• Posthuman Art Network

Rowan Lear

Rowan Lear (they/she) is an artist, writer and researcher, currently based in Glasgow, Scotland. Working across photography, writing, sculpture, moving image and installation, Rowan has exhibited, participated in artist residencies and presented their research throughout Europe and North America. In 2018-19, Rowan organised Planetary Processing, a peer-led forum for artists concerned with ecology, geology and the bodily at The Photographers' Gallery, London. In 2021, Rowan was awarded a PhD for a project studying the embodiment of the photographer, combining archival research and media archaeology with posthumanist and new materialist philosophy.


Website:

https://rowanlear.org


Project Statement

“A crystal is endowed with an infinite power of growth; its growth may be stopped, but never finished.” – Gilbert Simondon

Working as a collaborative duo, Rowan and Anastasia A Khodyreva (A) attend to a world inflamed, acidifying, warming and melting. Considering crystalline becoming as a more fitting model for worldmaking than the binary pair of matter and form, the project seeks to address not the formation of things, but their dissolution.

We understand crystallisation and dissolution, not as metaphors but as concrete “political matterings” (Neimanis 2013), real processes which are already underway in the atmospheres around us and within our bodies.
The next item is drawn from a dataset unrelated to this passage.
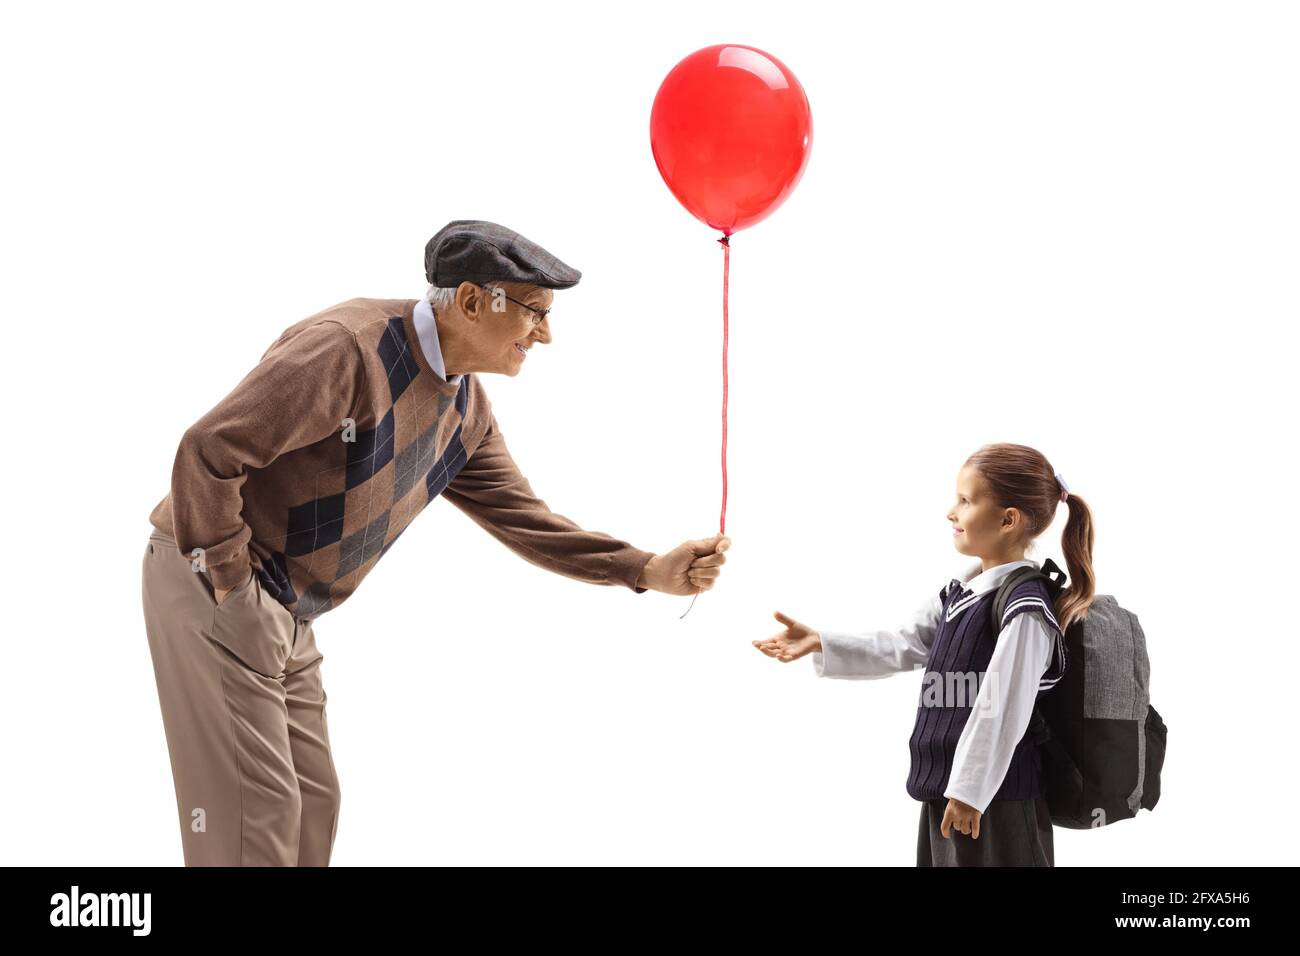 Grandfather giving a red balloon to a schoolgirl isolated on white background Stock Photo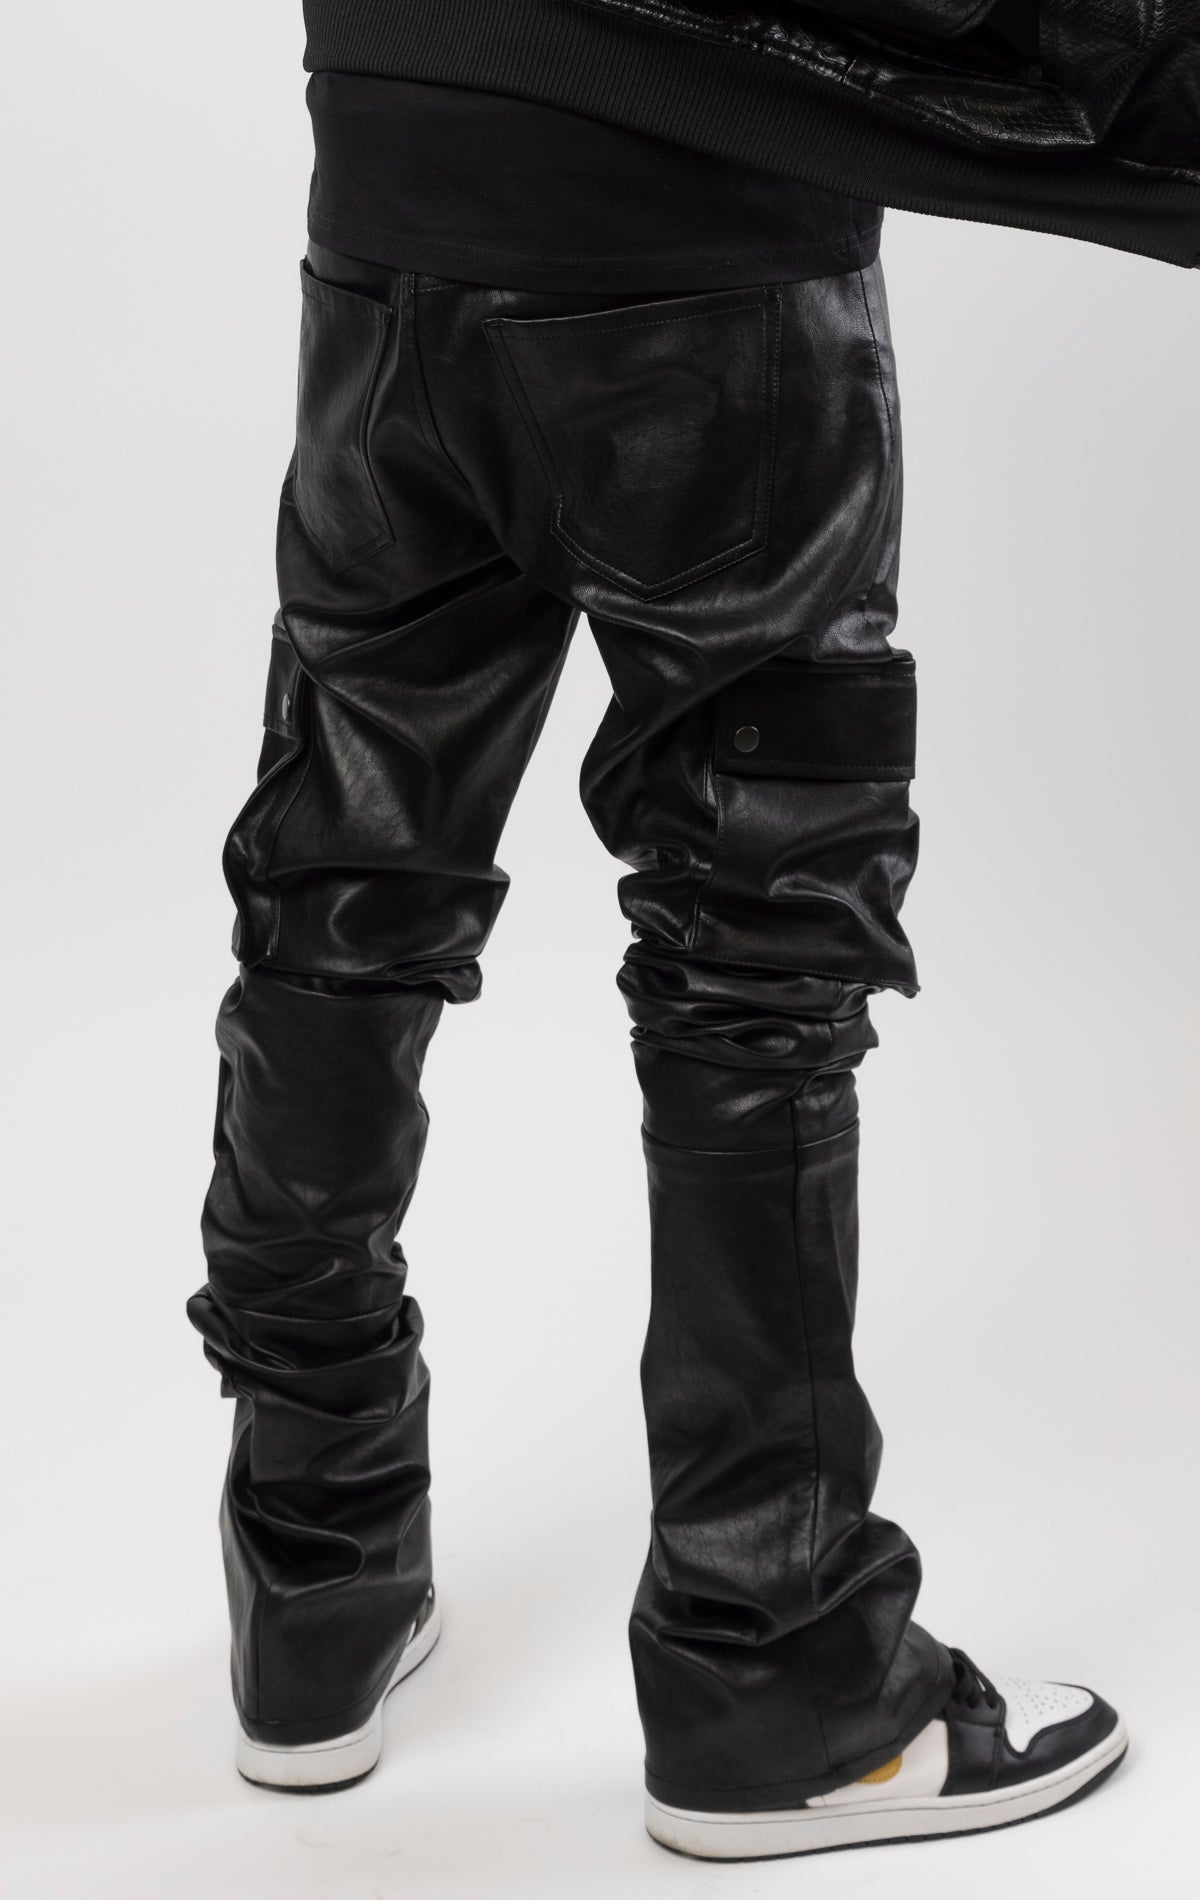 stacked Leather Doctrine Carter jeans with an extra-long inseam and flared leg opening, complete with side and back pockets.

The calcium carbonate shells of creatures off the coast of Finland and Scotland decompose in acidifying water, just as glaciers evanesce out of the valleys they carved.

​​As artists, academics and humans, we recognize that we are not separate but utterly implicated in the things we study. Our bodies are permeated by and ethically entangled with the occurrence of acidity, toxins and radioactivity. We too, must “dwell in the dissolve” (Alaimo 2016).

If shimmering, dissolving and melting is the world’s present mode of existence, we seek the potential of deliquescence, becoming liquid. We will be alive to the “powerful fantasies of transformation, whether destructive or reformative” (Leslie 2016), which cling to crystalline bodies.

Delving into the abandoned mineral mines of South West Scotland, Rowan will examine with touch, sound and partial vision the glittering and crystalline residue of nineteenth century extraction. Rowan will absorb these material seepages in conversation with Michel Serres’ proposal that philosophy might dwell in the darkness of a cave – where “thinking is much less like the day than like the night, where every star shines like a diamond, where every galaxy flows like a river of pearls, where every planet, like a mirror, reflects the light it receives” (Serres in Braidotti, 2017).